Source data:
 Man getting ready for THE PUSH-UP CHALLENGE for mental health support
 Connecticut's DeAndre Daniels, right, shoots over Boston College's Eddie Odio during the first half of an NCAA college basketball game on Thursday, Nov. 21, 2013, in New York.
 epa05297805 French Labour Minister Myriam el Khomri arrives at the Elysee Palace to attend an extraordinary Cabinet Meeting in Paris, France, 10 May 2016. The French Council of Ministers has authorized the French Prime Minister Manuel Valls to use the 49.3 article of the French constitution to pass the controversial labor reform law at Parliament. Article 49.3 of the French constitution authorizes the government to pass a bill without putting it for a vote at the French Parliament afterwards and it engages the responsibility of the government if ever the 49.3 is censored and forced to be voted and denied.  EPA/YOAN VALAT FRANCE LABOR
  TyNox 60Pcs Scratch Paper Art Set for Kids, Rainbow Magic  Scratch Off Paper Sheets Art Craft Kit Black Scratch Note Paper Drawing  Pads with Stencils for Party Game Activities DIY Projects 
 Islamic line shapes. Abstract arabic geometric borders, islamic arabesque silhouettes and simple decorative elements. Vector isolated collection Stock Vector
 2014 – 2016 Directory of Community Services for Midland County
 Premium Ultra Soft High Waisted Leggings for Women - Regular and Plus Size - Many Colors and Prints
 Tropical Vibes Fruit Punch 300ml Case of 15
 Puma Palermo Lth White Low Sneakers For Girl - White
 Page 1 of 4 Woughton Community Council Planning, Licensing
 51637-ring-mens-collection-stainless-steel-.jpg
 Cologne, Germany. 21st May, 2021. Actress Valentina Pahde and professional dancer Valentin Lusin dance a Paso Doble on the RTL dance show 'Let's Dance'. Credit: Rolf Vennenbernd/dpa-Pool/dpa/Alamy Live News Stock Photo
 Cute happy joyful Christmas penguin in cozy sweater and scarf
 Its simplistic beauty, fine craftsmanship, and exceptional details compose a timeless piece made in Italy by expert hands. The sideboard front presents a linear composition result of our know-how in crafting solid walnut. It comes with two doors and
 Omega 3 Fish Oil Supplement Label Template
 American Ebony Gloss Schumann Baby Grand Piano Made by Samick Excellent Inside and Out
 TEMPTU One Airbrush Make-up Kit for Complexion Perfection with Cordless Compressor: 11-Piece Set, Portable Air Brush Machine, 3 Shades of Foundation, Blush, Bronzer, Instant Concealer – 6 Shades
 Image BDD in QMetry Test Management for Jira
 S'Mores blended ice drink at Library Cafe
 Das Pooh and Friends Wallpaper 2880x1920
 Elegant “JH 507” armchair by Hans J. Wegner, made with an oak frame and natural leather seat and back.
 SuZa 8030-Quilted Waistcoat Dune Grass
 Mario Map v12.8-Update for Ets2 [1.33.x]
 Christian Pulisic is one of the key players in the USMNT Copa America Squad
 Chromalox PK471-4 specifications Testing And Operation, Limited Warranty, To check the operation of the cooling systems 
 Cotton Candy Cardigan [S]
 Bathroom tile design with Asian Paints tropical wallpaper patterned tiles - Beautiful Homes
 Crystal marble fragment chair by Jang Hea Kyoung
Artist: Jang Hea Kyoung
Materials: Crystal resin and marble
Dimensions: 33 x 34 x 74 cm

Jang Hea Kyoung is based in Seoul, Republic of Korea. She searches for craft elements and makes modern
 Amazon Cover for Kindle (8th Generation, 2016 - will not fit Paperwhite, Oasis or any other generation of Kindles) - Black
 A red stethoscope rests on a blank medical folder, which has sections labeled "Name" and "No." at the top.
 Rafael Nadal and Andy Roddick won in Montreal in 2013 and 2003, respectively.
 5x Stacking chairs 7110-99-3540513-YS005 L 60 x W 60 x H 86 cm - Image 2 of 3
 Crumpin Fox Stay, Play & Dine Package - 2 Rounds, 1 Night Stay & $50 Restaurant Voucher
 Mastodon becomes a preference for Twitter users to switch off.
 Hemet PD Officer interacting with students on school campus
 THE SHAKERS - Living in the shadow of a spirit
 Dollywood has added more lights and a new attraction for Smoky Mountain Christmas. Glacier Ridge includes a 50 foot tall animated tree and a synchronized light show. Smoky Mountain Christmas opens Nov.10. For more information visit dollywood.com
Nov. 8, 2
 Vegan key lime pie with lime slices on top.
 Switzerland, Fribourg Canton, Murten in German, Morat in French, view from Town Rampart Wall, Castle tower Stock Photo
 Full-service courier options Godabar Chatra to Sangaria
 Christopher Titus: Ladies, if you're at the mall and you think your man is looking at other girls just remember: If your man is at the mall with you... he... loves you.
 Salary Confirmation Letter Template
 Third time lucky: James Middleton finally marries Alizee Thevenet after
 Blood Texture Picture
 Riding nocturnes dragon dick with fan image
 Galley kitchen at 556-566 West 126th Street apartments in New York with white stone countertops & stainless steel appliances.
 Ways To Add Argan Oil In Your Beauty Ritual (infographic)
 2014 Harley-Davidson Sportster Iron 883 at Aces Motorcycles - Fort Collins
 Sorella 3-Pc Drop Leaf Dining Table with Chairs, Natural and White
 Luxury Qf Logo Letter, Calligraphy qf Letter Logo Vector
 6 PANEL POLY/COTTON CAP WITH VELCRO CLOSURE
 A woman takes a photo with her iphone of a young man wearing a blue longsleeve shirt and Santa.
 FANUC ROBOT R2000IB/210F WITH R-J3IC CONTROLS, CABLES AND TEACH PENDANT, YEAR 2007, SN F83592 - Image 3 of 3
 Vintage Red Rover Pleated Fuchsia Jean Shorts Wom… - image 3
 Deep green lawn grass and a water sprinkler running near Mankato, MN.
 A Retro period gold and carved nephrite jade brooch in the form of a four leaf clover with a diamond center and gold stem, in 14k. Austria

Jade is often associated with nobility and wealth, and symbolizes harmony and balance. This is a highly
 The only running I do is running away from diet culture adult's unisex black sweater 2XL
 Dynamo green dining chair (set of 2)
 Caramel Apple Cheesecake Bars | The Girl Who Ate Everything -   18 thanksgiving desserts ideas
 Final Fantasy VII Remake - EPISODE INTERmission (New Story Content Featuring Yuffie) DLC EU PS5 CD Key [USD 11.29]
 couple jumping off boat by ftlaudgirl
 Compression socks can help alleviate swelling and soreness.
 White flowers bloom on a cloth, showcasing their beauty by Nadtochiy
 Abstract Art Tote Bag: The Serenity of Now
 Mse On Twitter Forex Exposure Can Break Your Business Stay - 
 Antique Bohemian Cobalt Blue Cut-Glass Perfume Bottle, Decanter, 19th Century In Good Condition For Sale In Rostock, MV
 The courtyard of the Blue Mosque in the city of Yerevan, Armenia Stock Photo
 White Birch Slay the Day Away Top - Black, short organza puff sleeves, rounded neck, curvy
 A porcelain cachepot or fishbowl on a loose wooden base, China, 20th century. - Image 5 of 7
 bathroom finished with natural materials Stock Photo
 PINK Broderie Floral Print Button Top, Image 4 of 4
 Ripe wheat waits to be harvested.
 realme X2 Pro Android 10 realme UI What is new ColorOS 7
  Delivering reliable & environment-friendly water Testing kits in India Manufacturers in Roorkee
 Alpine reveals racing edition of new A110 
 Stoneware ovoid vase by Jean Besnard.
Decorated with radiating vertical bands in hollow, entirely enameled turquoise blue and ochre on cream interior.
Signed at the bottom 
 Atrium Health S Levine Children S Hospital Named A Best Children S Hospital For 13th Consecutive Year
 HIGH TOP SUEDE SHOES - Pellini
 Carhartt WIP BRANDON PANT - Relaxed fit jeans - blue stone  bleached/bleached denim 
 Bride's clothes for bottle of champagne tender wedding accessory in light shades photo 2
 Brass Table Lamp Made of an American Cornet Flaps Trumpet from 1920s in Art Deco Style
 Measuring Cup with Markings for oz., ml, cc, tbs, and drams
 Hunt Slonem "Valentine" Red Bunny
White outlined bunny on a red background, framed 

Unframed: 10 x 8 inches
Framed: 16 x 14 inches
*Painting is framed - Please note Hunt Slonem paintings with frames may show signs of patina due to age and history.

YOUR TASK: Beginning with the line that has "Signed at the bottom", set down every line of the entries above through the final one, unchanged.

WRITTEN RESPONSE:
Signed at the bottom 
 Atrium Health S Levine Children S Hospital Named A Best Children S Hospital For 13th Consecutive Year
 HIGH TOP SUEDE SHOES - Pellini
 Carhartt WIP BRANDON PANT - Relaxed fit jeans - blue stone  bleached/bleached denim 
 Bride's clothes for bottle of champagne tender wedding accessory in light shades photo 2
 Brass Table Lamp Made of an American Cornet Flaps Trumpet from 1920s in Art Deco Style
 Measuring Cup with Markings for oz., ml, cc, tbs, and drams
 Hunt Slonem "Valentine" Red Bunny
White outlined bunny on a red background, framed 

Unframed: 10 x 8 inches
Framed: 16 x 14 inches
*Painting is framed - Please note Hunt Slonem paintings with frames may show signs of patina due to age and history.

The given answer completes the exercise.